Around the same time as I was starting university, I also joined the Kenya Red Cross as a volunteer. It turned out that the Red Cross and I were made for each other, and I quickly rose through the ranks, even helping plan their 2007 International Youth Camp. I loved the humanitarian life. The youth camps, the first aid trainings, the public accident drills, the workshops and conferences, the clean-ups, the resource mobilization, the making everyone in my small hometown uncomfortable by filling public condom dispensers in broad daylight; I loved it all, and I was good at it. By 2008, I had to make a choice; continue with Range management as my profession, or commit to the Red Cross for a career in humanitarian work. While I was still pondering this decision, Dr. Margaret Kinnaird at Mpala Research Centre, and Dr. Jesse Njoka of the University of Nairobi pitched a Masters’ project proposal to me that would have me studying elephant behaviour in Laikipia, in northern Kenya. Intrigued, I made my choice, stepped down from the Red Cross, and joined the Master’s program in Range management at the University of Nairobi. This would turn out to be the defining moment in my passion for science.
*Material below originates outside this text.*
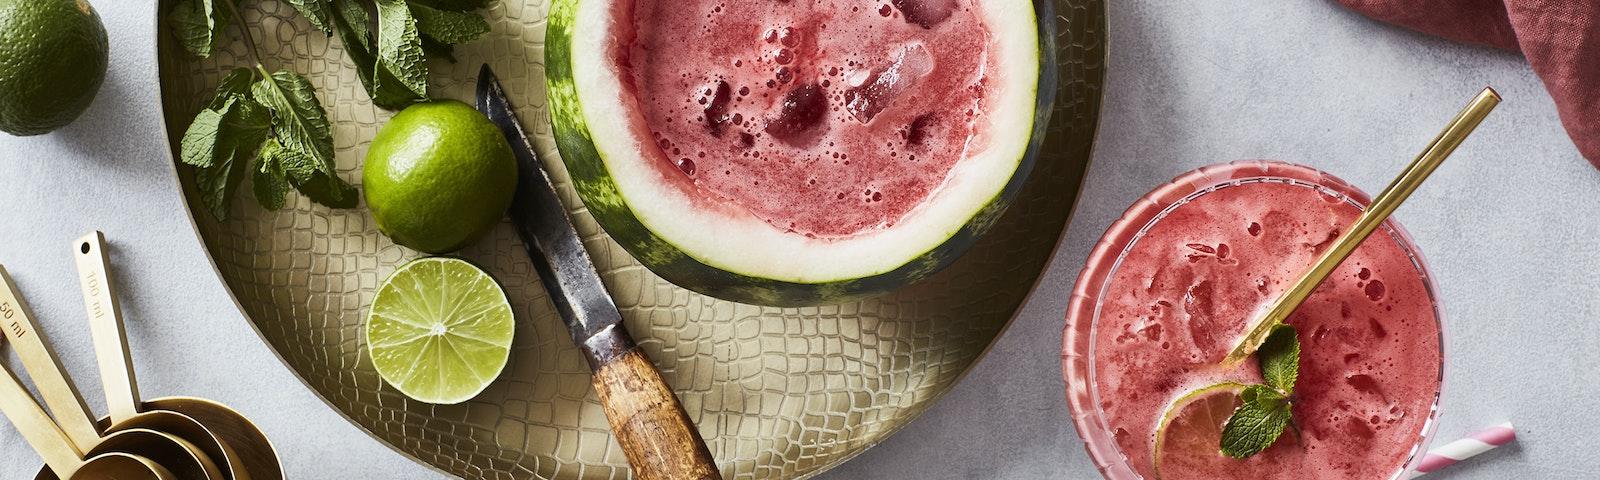 Vandmelon mojito

Suffice it to say, before going to Mpala, science was something I did, not something I was. I only cared about science in so far as it would help me get a job. But it is difficult to stay at a place like Mpala, with world class researchers and research facilities, and not get bitten by the bug. Simple conversations at dinner would fill me both with wonder and with more than a touch of the impostor syndrome. These feelings of inadequacy and challenge drove me to want to learn more, know more, be more. I discarded the outdated texts my university professors had been teaching at the University of Nairobi since it began and started reading more cutting edge scientific research from within and beyond our borders. Not satisfied with brushing up on Range ecology alone, I started reading up on other sciences. Richard Dawkins’ books The Selfish Gene and The God Delusion were early thought provoking pieces, as was Neil degrasse Tyson’s op-ed The perimeter of Ignorance. But the biggest spark by far was lit by watching old episodes of the Original Cosmos Tv show, as narrated and presented by Carl Sagan. All these thought leaders inspired me to view science not just as a school subject like the arts and the humanities, but as a way of thinking, a way of life.

In the end, science is to me more than what I do, it is who I am. It is a way of life built on a simple set of principles; question everything, test ideas, build on the ones that pass, discard the ones that don’t. I did not arrive here naturally, I came into science via a rather roundabout and accidental route. But now that I am here, I recognize that I did not have many Kenyan science heroes and icons growing up. The few I knew were mostly conservationists, and they were all white. The others were medical researchers in lab coats that did not seem like they were enjoying themselves very much. Science did not seem like something accessible and ordinary. When I first started designing this website, it was meant to mainly be a showcase of science projects; mine, and my contemporaries. Now I see it playing a different role; a platform for me to play my small role as a science communicator, bringing people closer to the wonders of nature and the cosmos. I see it also as a portal from which to answer common questions and misconceptions. Bear with me as I figure out my voice, but hopefully we can have some fun and learning along the way.
A luta continua (the struggle continues).